She then emphasized kindness. [The] most precious . . . [lesson from her isolation] I learnt . . . [was] the value of kindness. Every kindness I received, small or big, convinced me that there could never be enough of it in our world. To be kind is to respond with sensitivity and human warmth to the hopes and needs of others. Even the briefest touch of kindness can lighten a heavy heart. Kindness can change the lives of people. ”

Aung san Suu Kyi concluded with these words. “Ultimately our aim should be to create a world free from the displaced, the homeless and the hopeless, a world of which each and every corner is a true sanctuary where the inhabitants will have the freedom and the capacity to live in peace. Every thought, every word, and every action that adds to the positive and the wholesome is a contribution to peace. Each and every one of us is capable of making such a contribution. Let us join hands to try to create a peaceful world where we can sleep in security and wake in happiness.”

Conclusion

I have never been to Myanmar (Burma), and I do not know the history of that country in any great detail. But in 2001 as a pro bono attorney I helped a Burmese man obtain asylum in the U.S. because of his well-founded fear of persecution if he returned to his homeland due to his political opposition to its military regime. He had been arrested in his home country for distributing video tapes of the movie “Beyond Rangoon [now Yangon],” which was critical of the military regime.

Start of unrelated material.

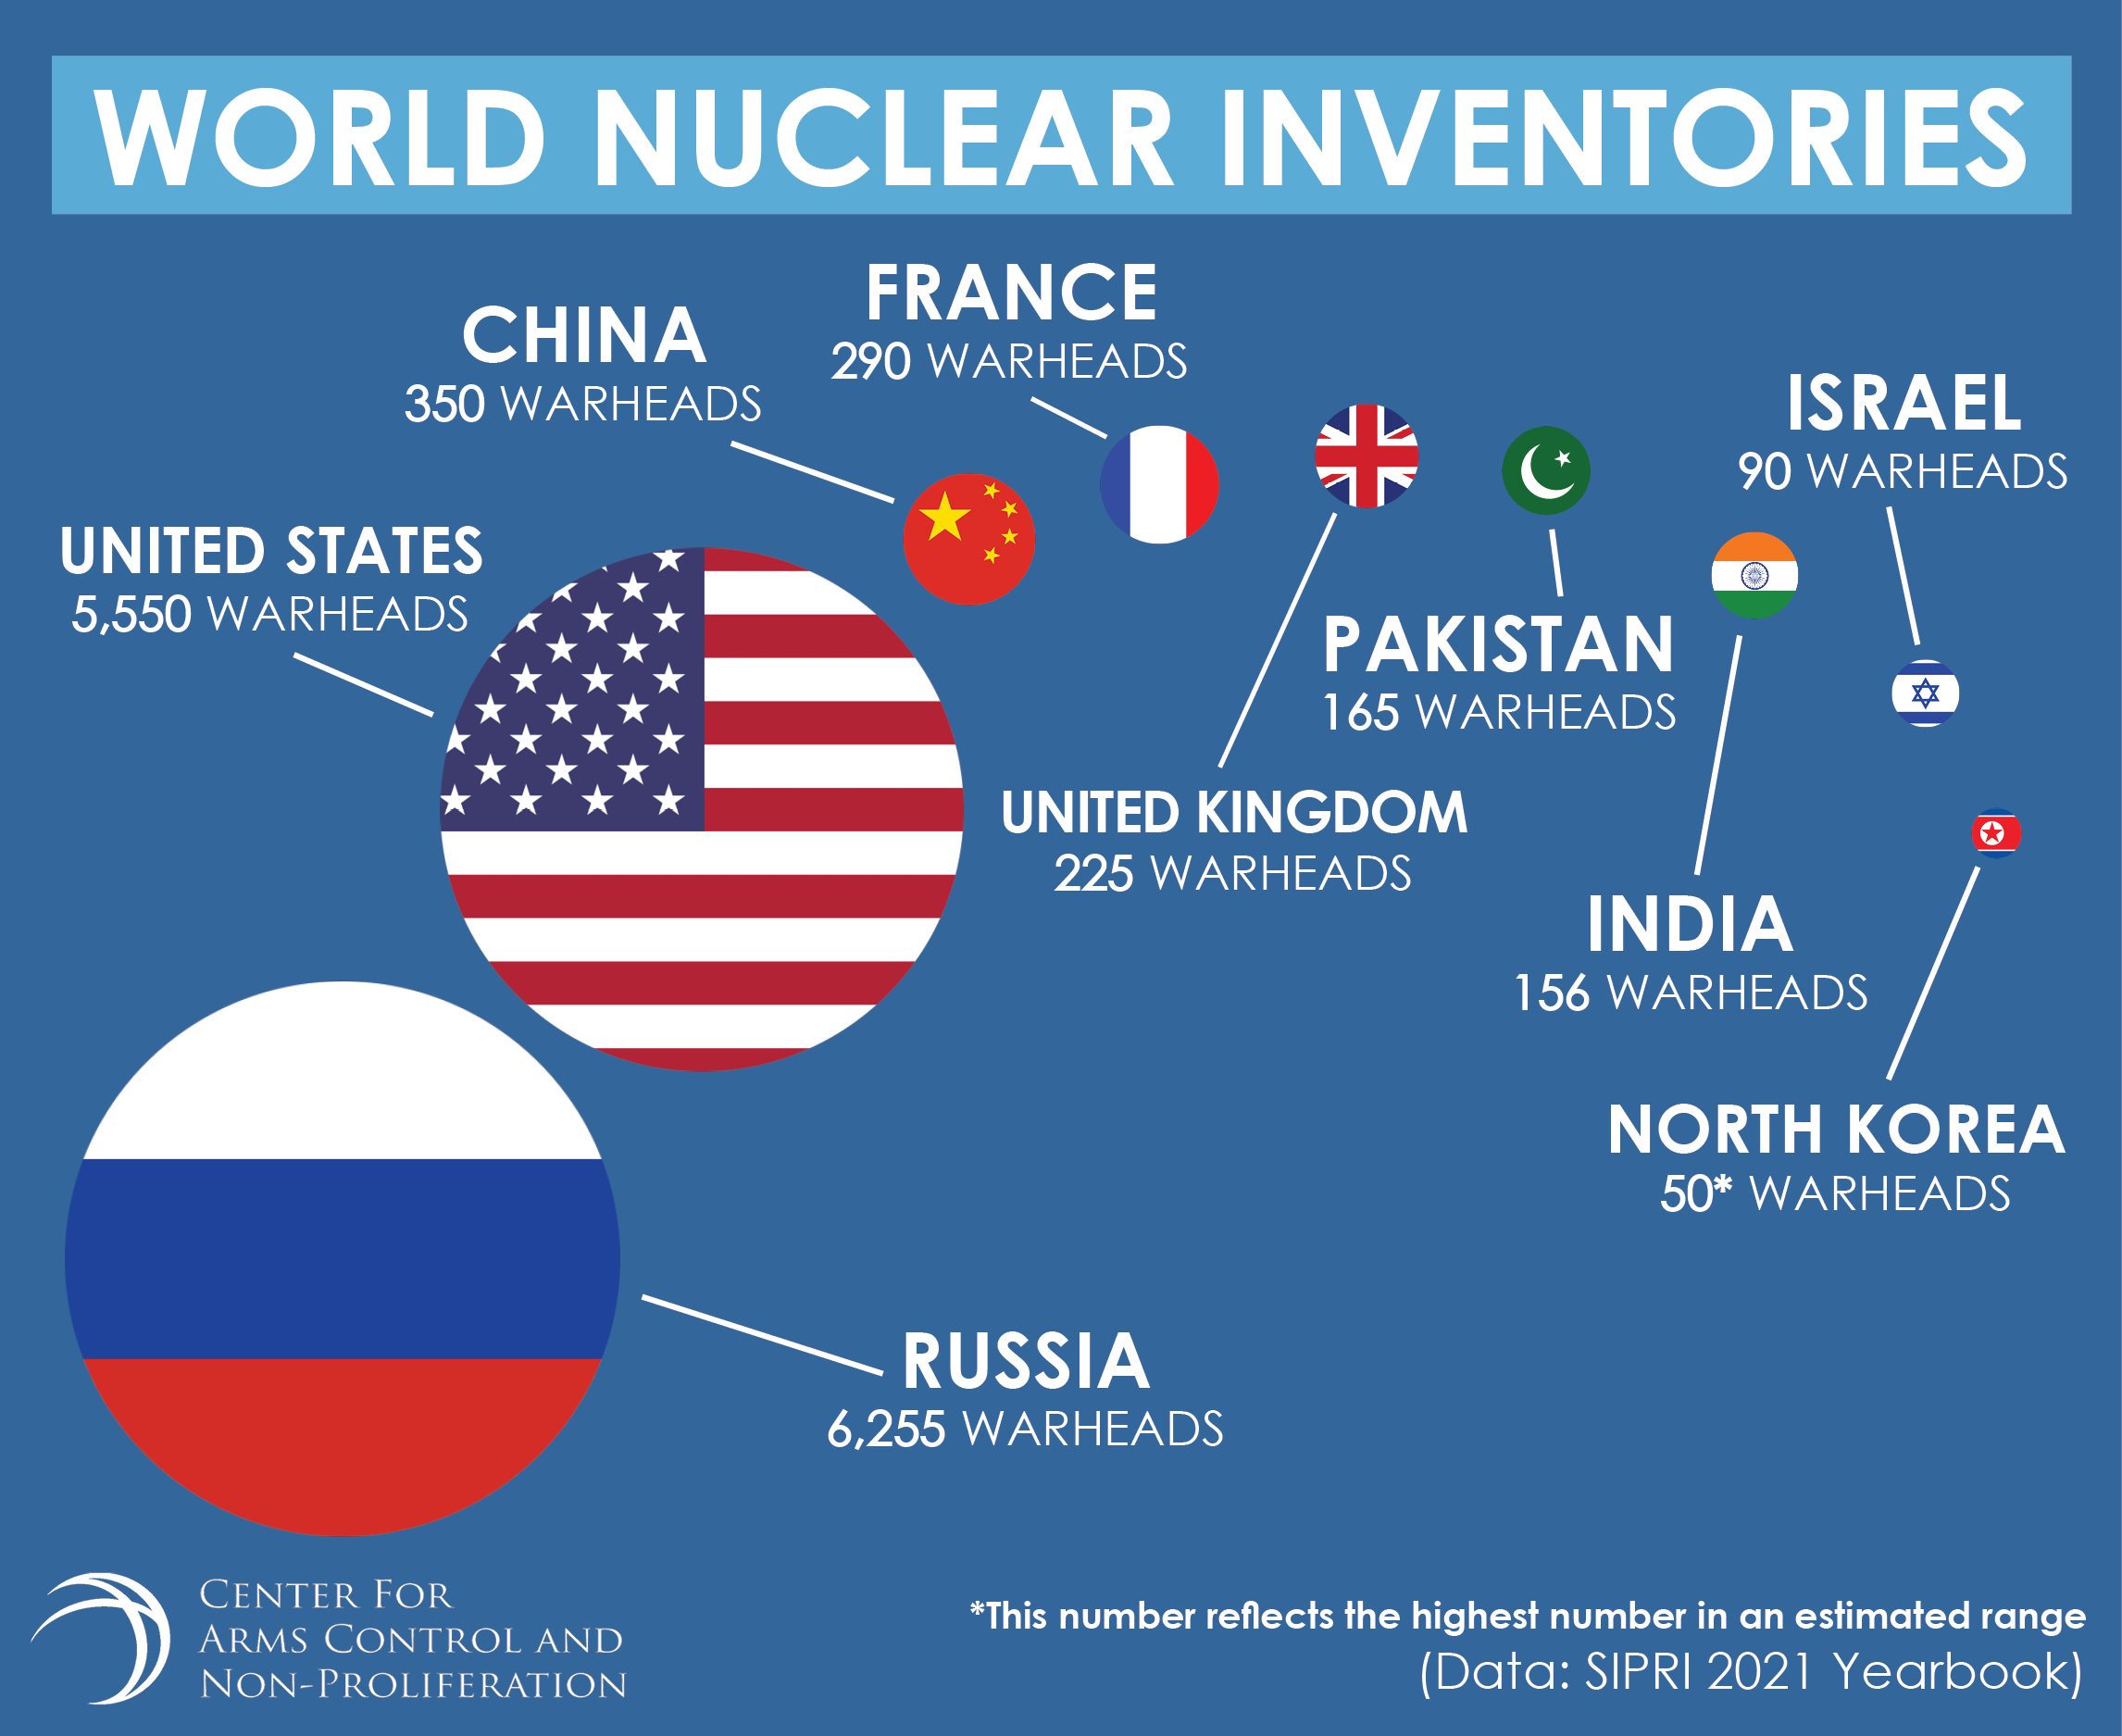 World Nuclear Inventories Center for Arms Control and NonProliferation

Aung San Suu Kyi also suffered persecution because of her political opinions and thereby demonstrated the importance of human rights for her and for all of us. I share this belief in human rights although I never have had to pay the personal cost she did. I also share with her the experience of having “read” Philosophy, Politics and Economics at the University of Oxford.

Aung San Suu Kyi’s life and her acceptance speech are especially moving for me.